New California Ed Laws Address Textbook Costs with OER Initiative

CA HIGHER ED GOING DIGITAL: Governor Jerry Brown is on a roll this week, signing into law two bills that amend the Donahoe Higher Education Act (coincidentally signed into law in 1960 by the governor's father, Governor Pat Brown). SB1052 and SB1053 call for the development of "50 high-quality, affordable, digital open source textbooks and related material" to be housed in the "California Digital Open Source Library", and accessible by public universities and community colleges in the state.

As this infographic from OpenContent points out, the average California undergrad spends more than $1600 on textbooks per year.
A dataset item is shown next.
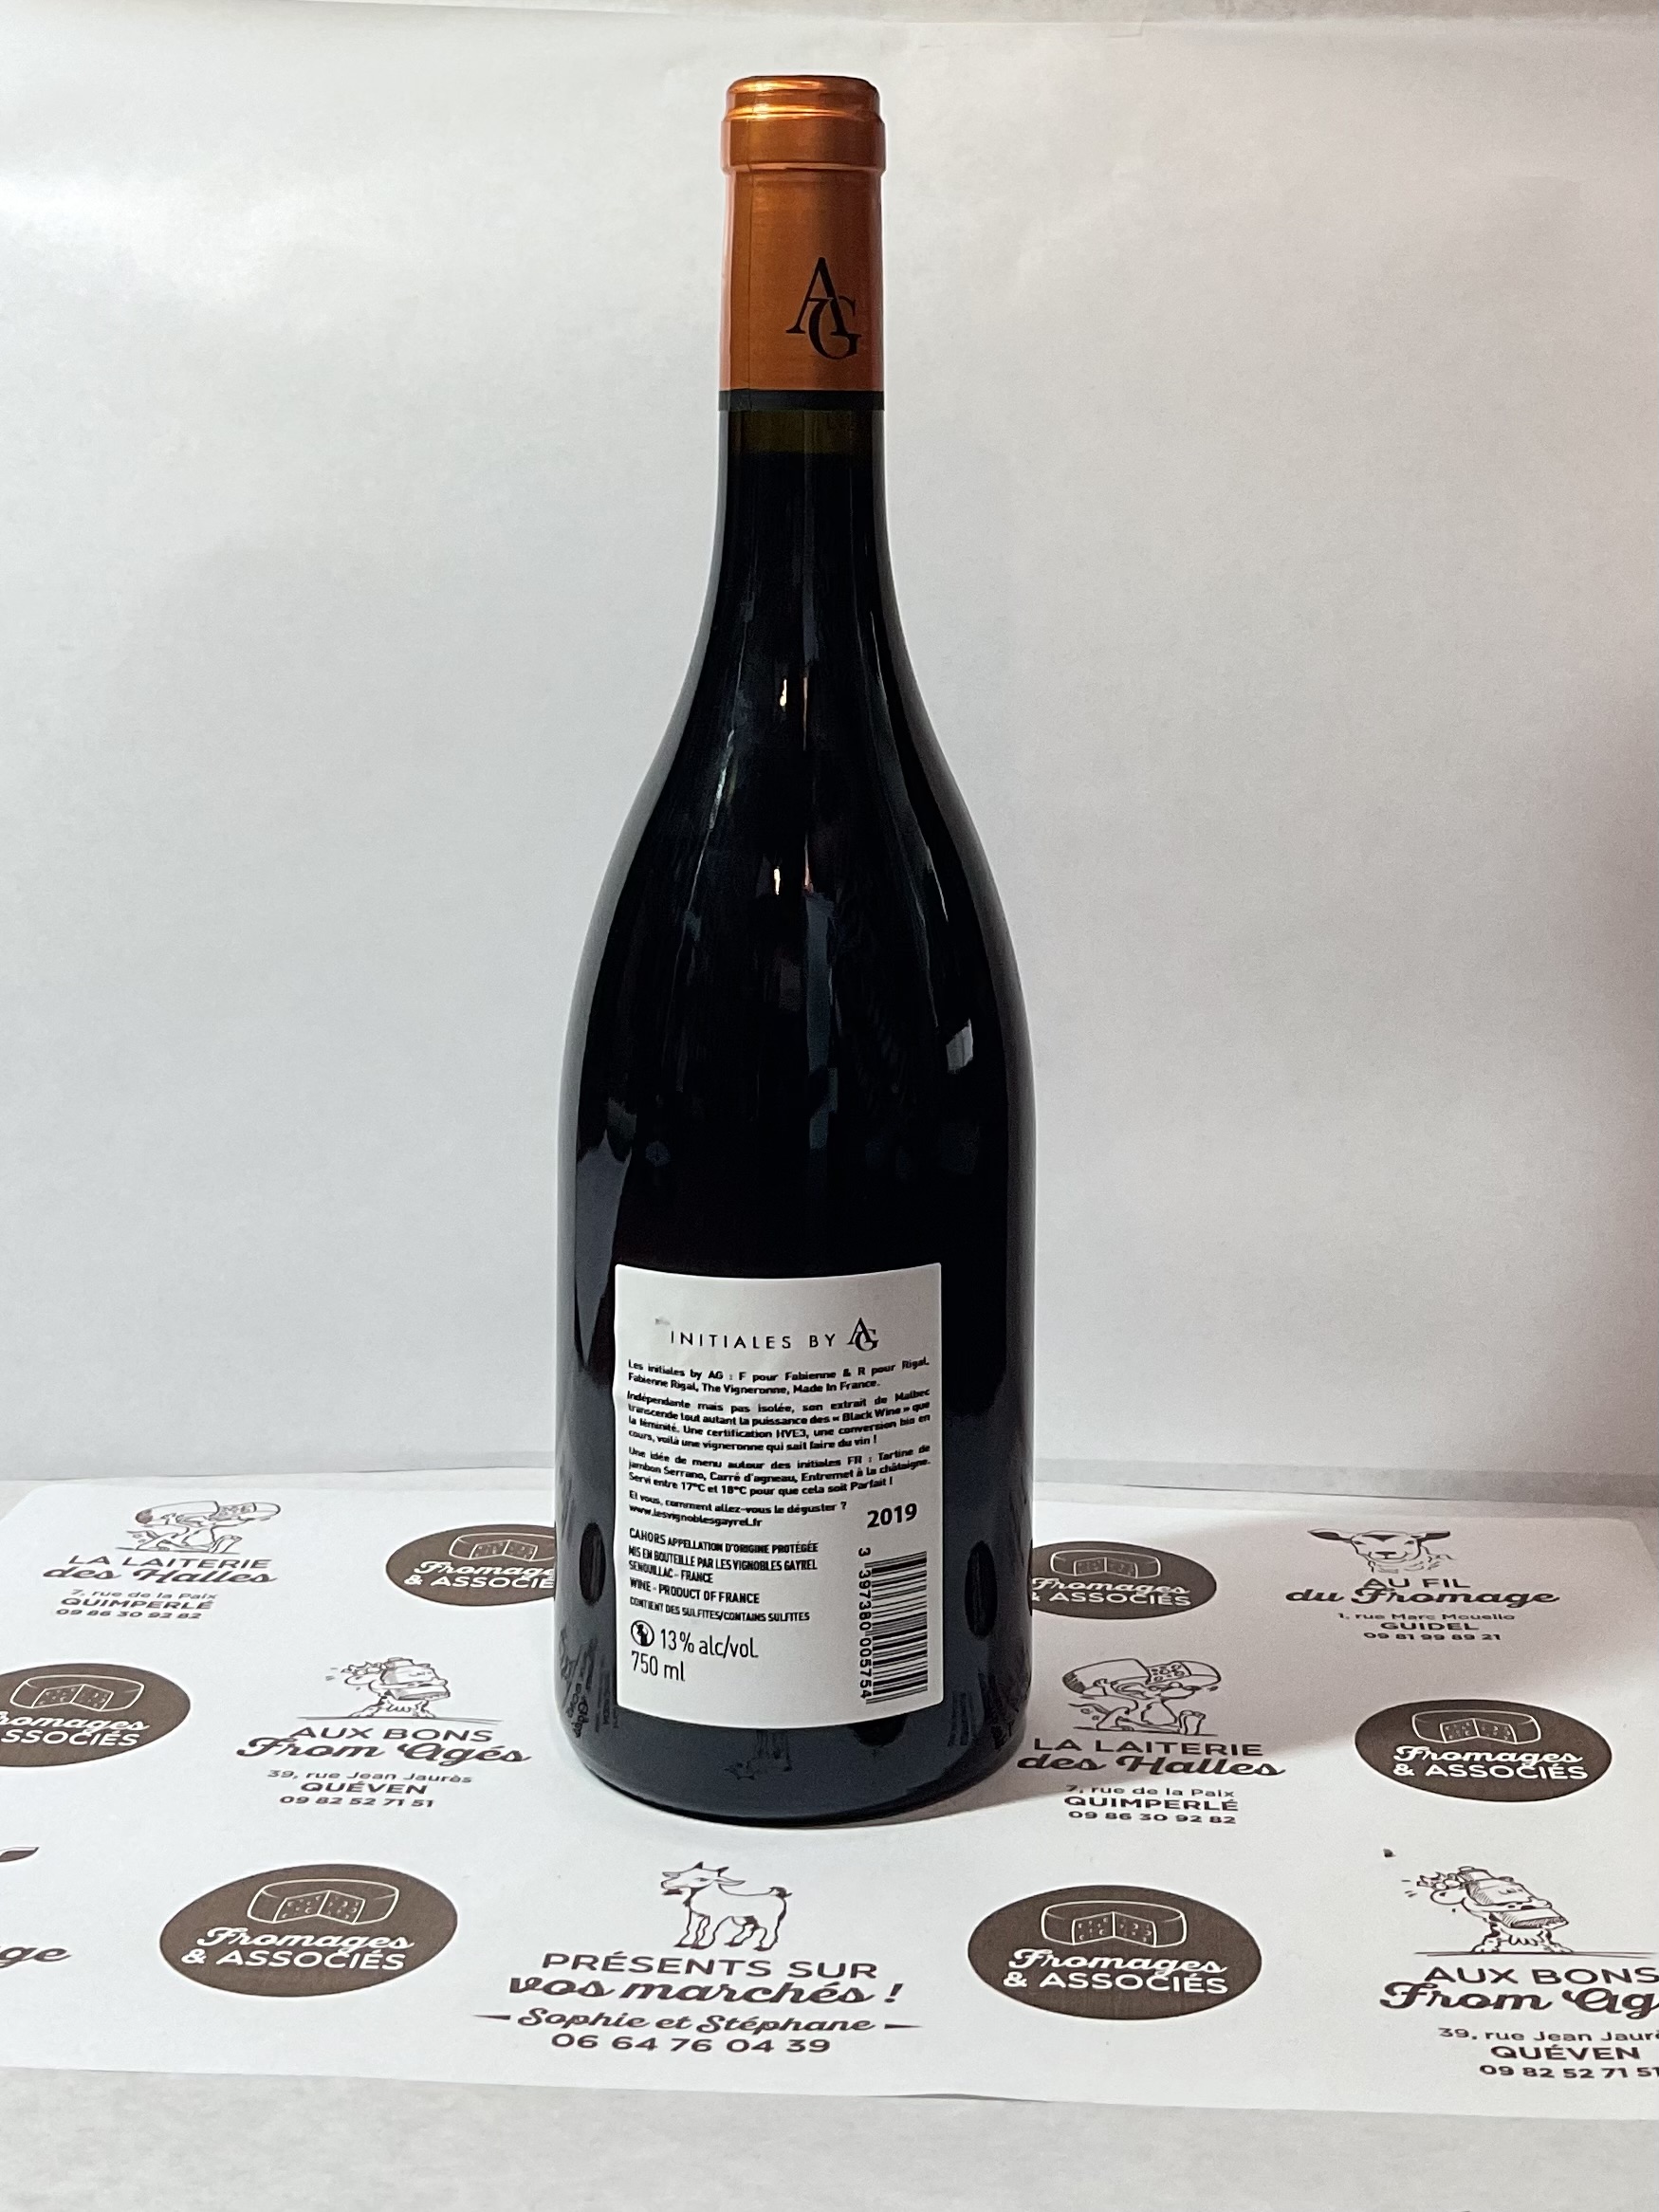 bouteille de vin rouge Initiales Cahors Alain Gayrel 2019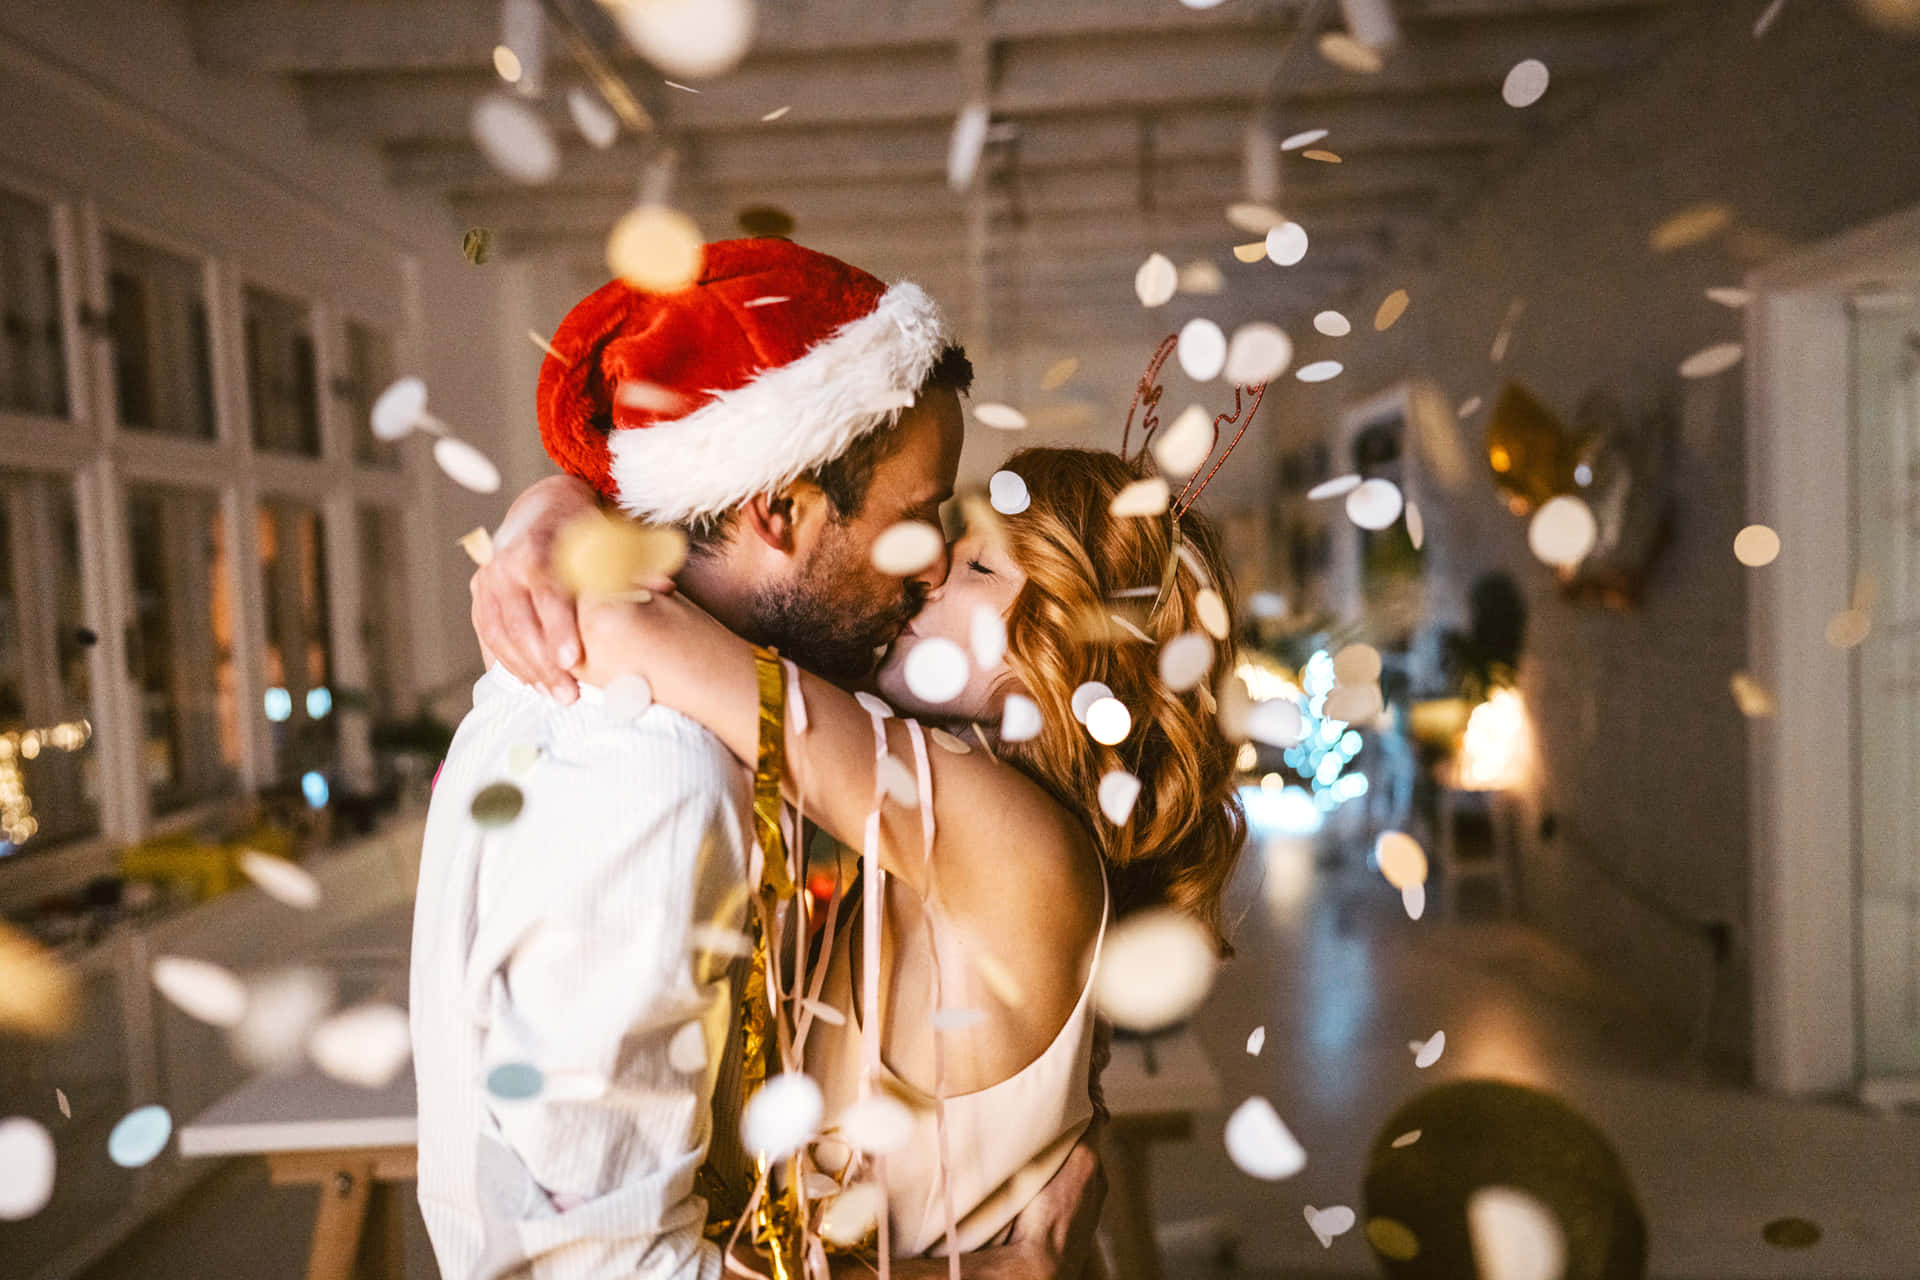 December Romance - Celebrating Christmas As A Couple

Under SB1052, this cost could drop to zero -- especially in the first two years when students are likely to take the "strategically selected lower division courses" that the law targets.

Entrepreneurs and educators have reason to rejoice, too. In January 2013, the California Open Education Resources Council -- that's fancy talk for a newly formed group of university and community college faculty -- is expected to establish an RFP process for "faculty members, publishers, and other interested parties [to] apply for funds" to produce content for the selected courses.

SB1053 calls for the California Digital Open Source Library, a digital tome in the cloud "for students, faculty, and staff to easily find, adopt, utilize, or modify course materials for little or no cost." The library, to be governed under a Creative Commons attribution license, is dependent upon formation of the OER Council outlined in SB1052.

Both laws along with SB1458 which redefines California's Academic Performance Index, were introduced by California State Senate President pro Tem Darrell Steinberg.